Breast cancer in 2007 was the number-one killer of women in the UAE, according to official statistics, with many dying because the stigma surrounding the disease prevents women from seeking early detection. Increased awareness is boosting the number of patients being treated earlier for cancer, says Darwazah.

“In the past oncology was a taboo; people would not go out and say they had breast cancer but with the awareness campaigns that are going on in the Arab world people have started reaching out more and having mammograms. So identification of patients has become more rather than the number of patients. Once that social trend we started seeing growth in the oncology business,” he explains.

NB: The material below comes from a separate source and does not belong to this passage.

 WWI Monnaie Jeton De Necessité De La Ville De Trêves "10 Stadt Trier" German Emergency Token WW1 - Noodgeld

As a result, Hikma is ramping up its investments within its oncology division. The company currently has a facility in Jordan manufacturing oral oncology products and a second FDA-approved facility in Germany for oncology injectables. In October, the firm signed a licensing and supply deal to distribute and market the prostate cancer drug Lutrate 1 month in the 23 countries in the MENA region, adding to its already 30-plus oncology drugs. Despite increased demand for cancer drugs, Darwazah admits that it is not easy for Hikma to go head-to-head with some of the world’s more established pharmaceutical firms, such as Switzerland-based Roche, the world’s biggest maker of cancer drugs, and Novartis, which dominates the $6bn market for leukaemia drugs.

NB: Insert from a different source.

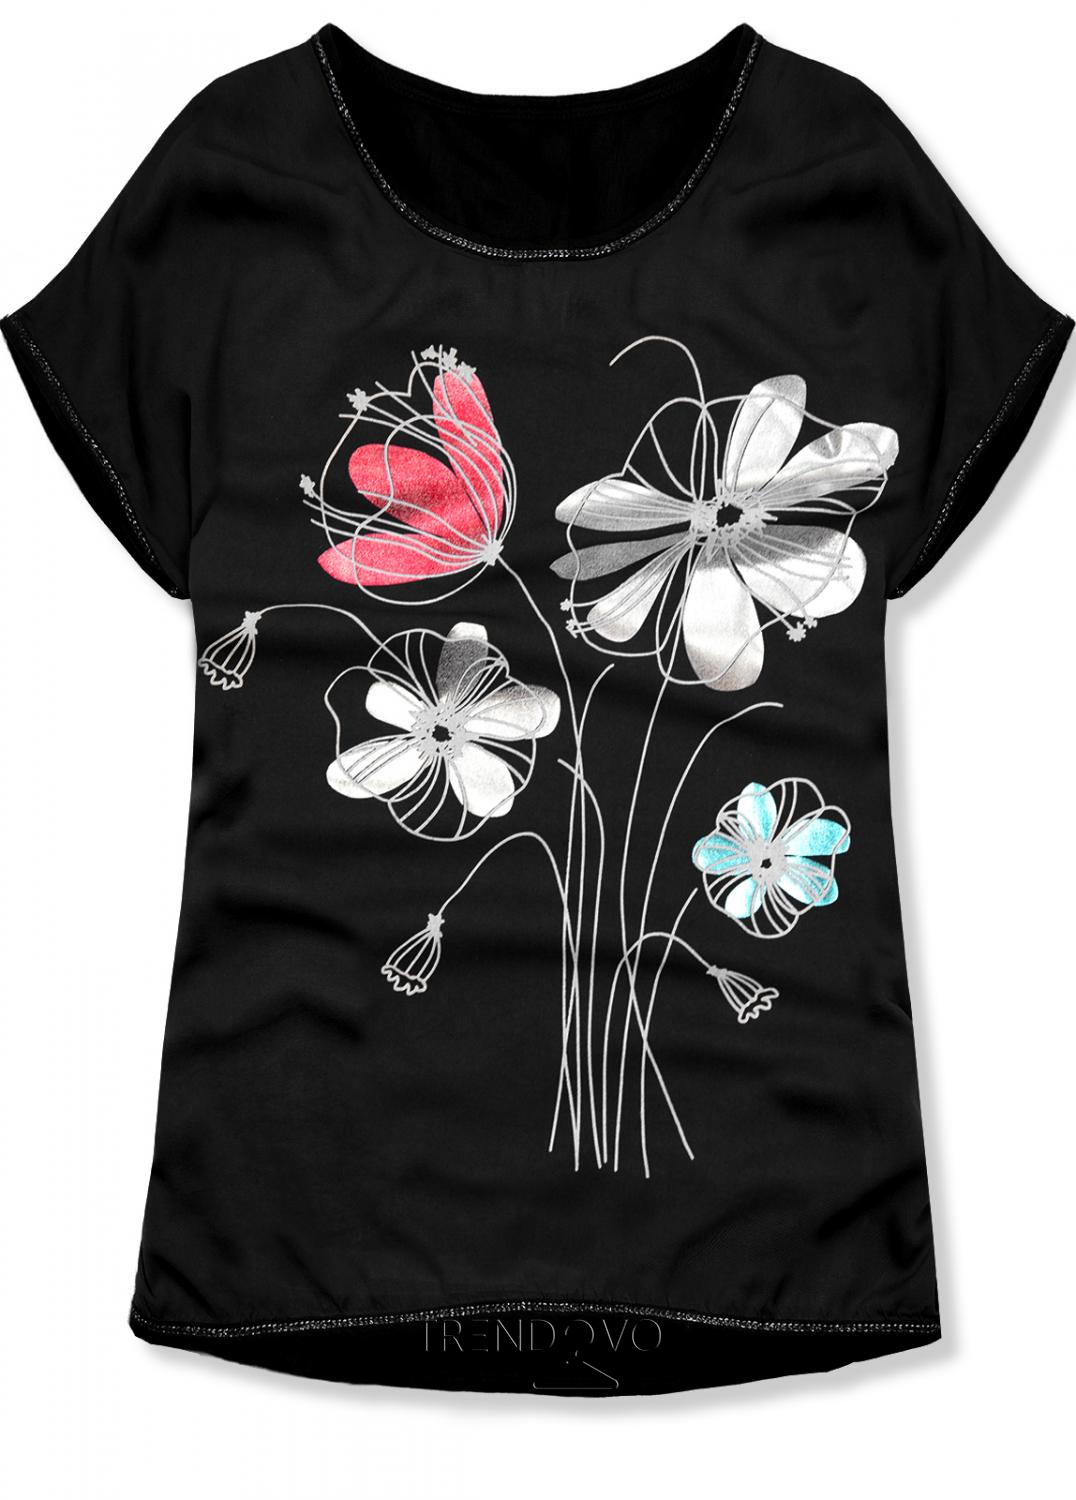 Čierne tričko s potlačou kvetov

“[The industry has been] dominated by big names for the last 20 years so we are witnessing a very severe resistance and a very severe marketing campaign from the oncology business worldwide. There is a certain product that sells $500-$600m in the Arab world from one Swiss company and they are not going to allow you to penetrate the market that easily,” he says. “We have been able to penetrate certain markets in the Arab world with our Imatinib tablets and Zoledronic acid injection; I believe it will be a major product for us going forward. Oncology I would imagine during the next ten years it will go up ten to fifteen percent of our business in the MENA region,” he adds.

Unlike many of its international competitors, Hikma says much of its strength lies in the fact it is a locally based company and that it doesn’t simply leave a country during difficult periods. Hikma continued to distribute medical supplies during the Libyan revolution last year and has dispensed much-needed equipment to hospitals and doctors throughout all of Lebanon’s political turmoil over the last few decades, says Darwazah.

“The difference between multinationals and Hikma is that we’re born here; we were raised here and we’re upgrading here so we are putting our money where our mouth is… During the last 25 years I have witnessed more than eight wars and during these eight wars we have never quit a market; we continue to do business. Other multinationals during crises have shut down their operations; they evacuate [but] we don’t do that,” he says. As a result many regional governments are now turning to Hikma to help them rebuild their medical facilities and supply medical equipment. In Libya, for example, Hikma has tripled its sales over the last year, having been one of the first foreign companies to negotiate with Libya post-Gaddafi regime and securing two orders worth a total of $10m. “This year we are going to have nearly triple the sales we had last year [in Libya]. Last year it was in the rate of $10m so this year we are expecting some growth there,” he says.

The Arab world might not be leading the market in medical spending but it looks like that may be a thing of the past.